First Pacific Company Limited 第一太平有限公司
- Company type: Listed company
- Traded as: SEHK: 142
- Industry: Investment Management
- Founded: 1981; 45 years ago
- Founder: Liem Sioe Liong Anthoni Salim Manuel V. Pangilinan
- Headquarters: Central, Hong Kong
- Area served: Hong Kong, Philippines, Indonesia
- Key people: Anthoni Salim (Chairman) Manuel V. Pangilinan (Managing Director, CEO)
- Total assets: US$5.1 billion ▼2019
- Website: firstpacific.com

= First Pacific =

Hong Kong financial services company

First Pacific Company Limited (第一太平有限公司) is a Hong Kong–based investment management and holding company with operations located in Asia. It involves telecommunications, consumer food products and infrastructure.

==History==

In 1981, Indonesian renowned businessman Sudono Salim, Anthoni along with Filipino businessman Manuel Velez Pangilinan jointly co-founded First Pacific as a financial service company based in Hong Kong. Initially, the company started with HK$ 7 million (US$ 0.9 million) with 6 staffs and a small office in Central, Hong Kong and was named Overseas Union Finance Limited.

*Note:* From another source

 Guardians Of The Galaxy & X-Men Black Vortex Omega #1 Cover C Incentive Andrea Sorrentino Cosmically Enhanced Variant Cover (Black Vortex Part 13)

In 1982, Overseas Union Finance Limited acquired Hibernia Bank, a San Francisco based bank that were owned for 3 years until it was sold to Security Pacific Bank later in 1985 and at the same year also underwent identity change and the name First Pacific was started to be used. First Pacific also controlled interest in German based Hagemeyer. In 1987, First Pacific expanded its banking investment by taking over Hong Nin Savings Bank from the British authorities which would later be merged with Far East Bank to form First Pacific Bank. In 1989, First Pacific started to acquire Indonesian pharmaceutical company Darya-Varia to extend Salim Group portfolio in pharmaceutical sector. In 1996, First Pacific become constituent in the Hang Seng Index after their success in telecommunication expansion.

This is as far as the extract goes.